In 1956, Americans were told they were stressed, but a wonder drug called “Miltown” would help calm them down. The mild tranquilizer became a best-seller, until it was counterfeited and appeared on the black market, and its adverse side effects gave it bad publicity. Oh, well.

Then in the 1960’s came the culture-changing birth control Pill, and Valium– also called “mother’s little helper” that was marketed as a weight-loss aid. The next game-changer was thalidomide. Kefauver used the worldwide backlash against this drug to push through some drug safety and effectiveness regulation in the United States in 1963. For a change. Even so, in 1972, when the U.S. Supreme Court confirmed certain regulatory powers conferred on the FDA, drugmakers merely sought additional markets for their products on other continents.

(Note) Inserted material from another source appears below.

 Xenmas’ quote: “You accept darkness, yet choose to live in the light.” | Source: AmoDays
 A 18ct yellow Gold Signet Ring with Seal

In 1976, there was a swine flu epidemic in America. Healthcare companies were reluctant to develop a vaccine for it, fearing an orgy of litigation from victims if any harm was done. So the government unwisely agreed to foot any legal bills. Sure enough, some vaccine recipients developed cases of Guillain Barre syndrome, and neurological complications. The (taxpayer-funded) Justice Department took the hit. Other parties piled on. “The CDC had exploited ‘Washington’s panic’ to ‘increase the size of its empire and multiply its budget.’ “

Moving on, the author told the whole sordid story of the “opioid crisis” in America. In a nutshell: in May 2002, Purdue Pharma, maker and unethical marketer of OxyContin, hired Rudy Giuliani’s firm to defend it against the firestorm from its host of illegal activities. The firm collected a $3 million fee per month. Purdue collected $30 million per week from OxyContin sales. To be fair, Purdue and the Sackler family were the poster-scapegoats of the crisis. Numerous other parties aided and abetted them: other pharmaceutical companies, doctors, FDA bureaucrats, and pain management “experts” and pharmacists. The far-reaching consequences have caused a lot of trouble for society as a whole in the areas of: increased healthcare costs, criminal justice, social services, drug rehabilitation services, lost productivity and earnings, etc.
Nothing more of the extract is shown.